Faire la fête avec une SEP

Ce n'est pas parce qu'on a une SEP que l'on n'a pas envie de s'amuser ! Au moment d'une accalmie de quelques mois à l'âge de 25 ans, j'ai enchaîné les folles nuits et ces fêtes m'ont fait un bien fou. Depuis, je le fais avec beaucoup plus de modération et en respectant certaines règles.
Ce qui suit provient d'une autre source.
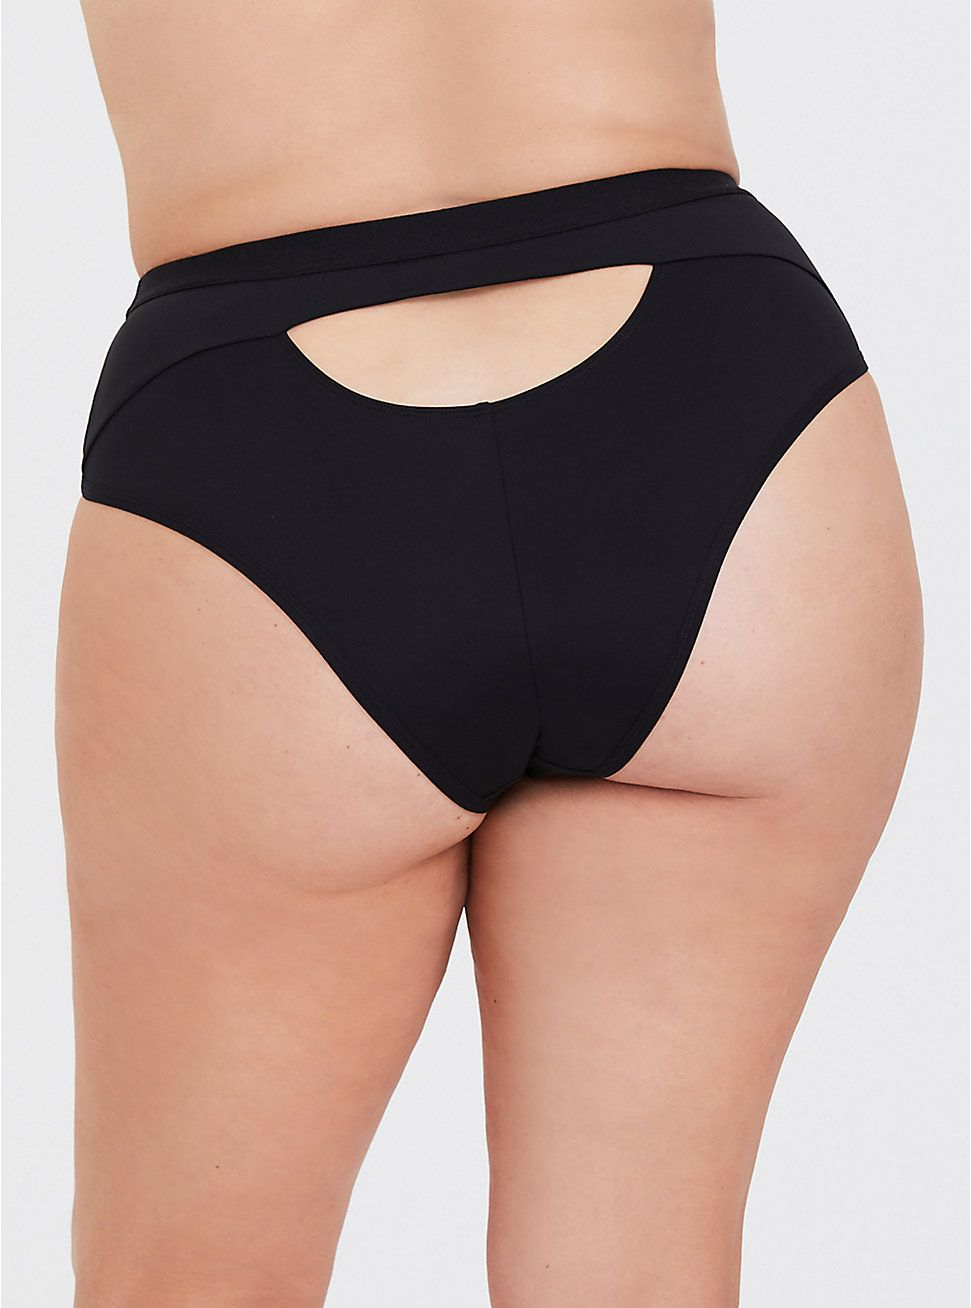 b3a2aab0e Microfiber High Waist High-Leg Panty in Black in 2019

Il y a eu une période durant mes études où je n'ai pas été limitée pour faire la fête. J'en ai profité à fond ! La fatigue s'était calmée et mes douleurs étaient enfin apaisées par les traitements et l'hypnose. J'avais grand besoin de me défouler après quelques années éprouvantes sur le plan médical. Alors j'ai enfin profité de la vie nocturne et j'ai adoré cela…  Je vais être très honnête, je n'ai pas été un bon exemple (notamment avec l'alcool, qui n'est pas forcément indiqué avec les médicaments). Mais je me connaissais bien et j'étais entourée d'amis fiables au cas où.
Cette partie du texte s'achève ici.